Au total sept entretiens auront été conduits avec des jeunes femmes impliquées à différents degrés dans l’un des trois groupes. Certaines personnes rencontrées étaient impliquées dans plus d’un groupe. Les entretiens individuels ont duré entre 2h30 et 4h et se sont déroulés dans des lieux choisis par les répondantes. La réalisation des entretiens a pris la forme d’une conversation guidée par quelques questions appuyées par une grille thématique réalisée préalablement (voir annexe 1 et 2). Les thèmes de l’engagement et du rapport aux espaces mobilisés ainsi que du choix de créer ou de participer à ce type de plateformes ont été abordés. Les entretiens ont permis d’accéder aux sens que les jeunes femmes accordent à leurs pratiques. Ils ont également permis de mieux comprendre les motivations et les limites qui ont marqué et conditionné leurs pratiques.

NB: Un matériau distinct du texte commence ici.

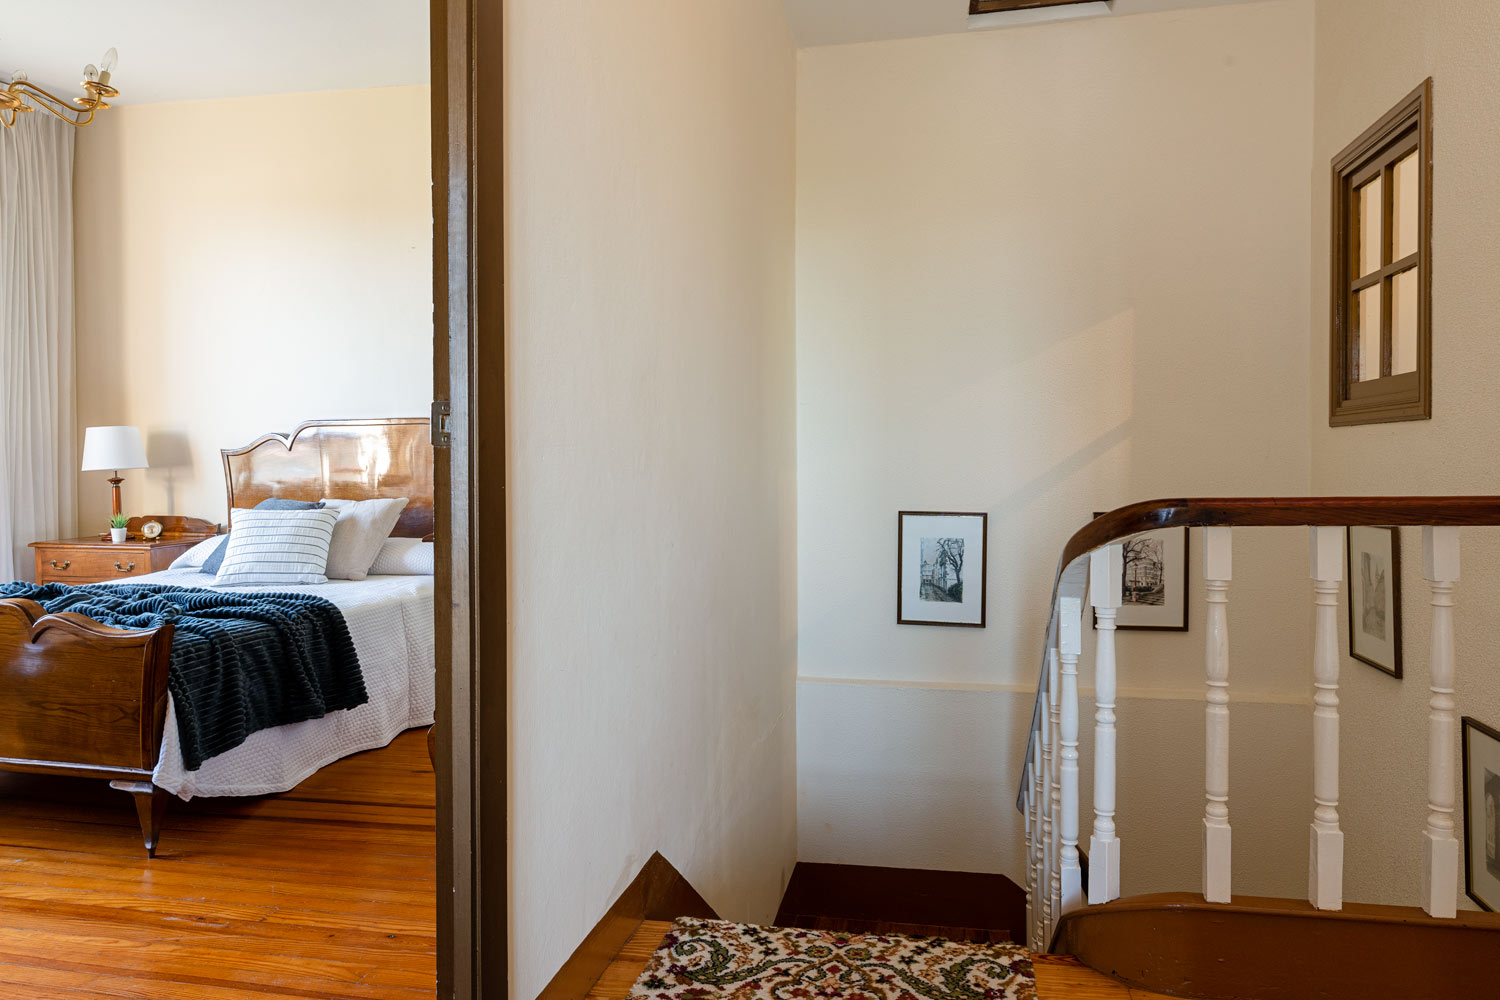 Escaleras y dormitorio matrimonio en unifamiliar Osedo_ Preparación con Home Staging_textiles azules y neutros

Enfin, seuls quatre des entretiens réalisés ont été utilisés pour l’analyse des résultats, puisque trois des jeunes femmes rencontrées se sont désistées avant la fin de la recherche. Deux de ces répondantes sont des jeunes montréalaises musulmanes portant le voile. L’une immigrante de première génération et l’autre née au Québec. Ces deux jeunes femmes étaient toutes deux non- productrices de contenu sur les plateformes mais des participantes. Leur désistement a été justifié par leur jeune âge et la peur d’être reconnues dans les extraits mobilisés par la recherche. En effet, une clause du formulaire de consentement évoquait les risques de traçabilité — qui ne sont jamais nuls dans une recherche encore moins lorsqu’elle mobilise des réseaux sociaux — encourus par les participantes. Cette clause stipulait la possibilité que les propos cités dans la

recherche permettent de retracer les identités des répondantes (voir annexe 4 et 5). Pour les deux jeunes femmes, le risque encouru était donc trop important, notamment compte tenu du contexte actuel marqué par un regain des hostilités à l’égard des femmes musulmanes portant le voile (Benhadjoudja 2015). La dernière répondante à s’être retirée est une jeune Québécoise d’origine haïtienne. Celle-ci m’a confié s’être désistée en raison de l’émotivité que réveillait pour elle le sujet. Elle n’a pas précisé le contexte de cette émotivité ni les éléments déclencheurs.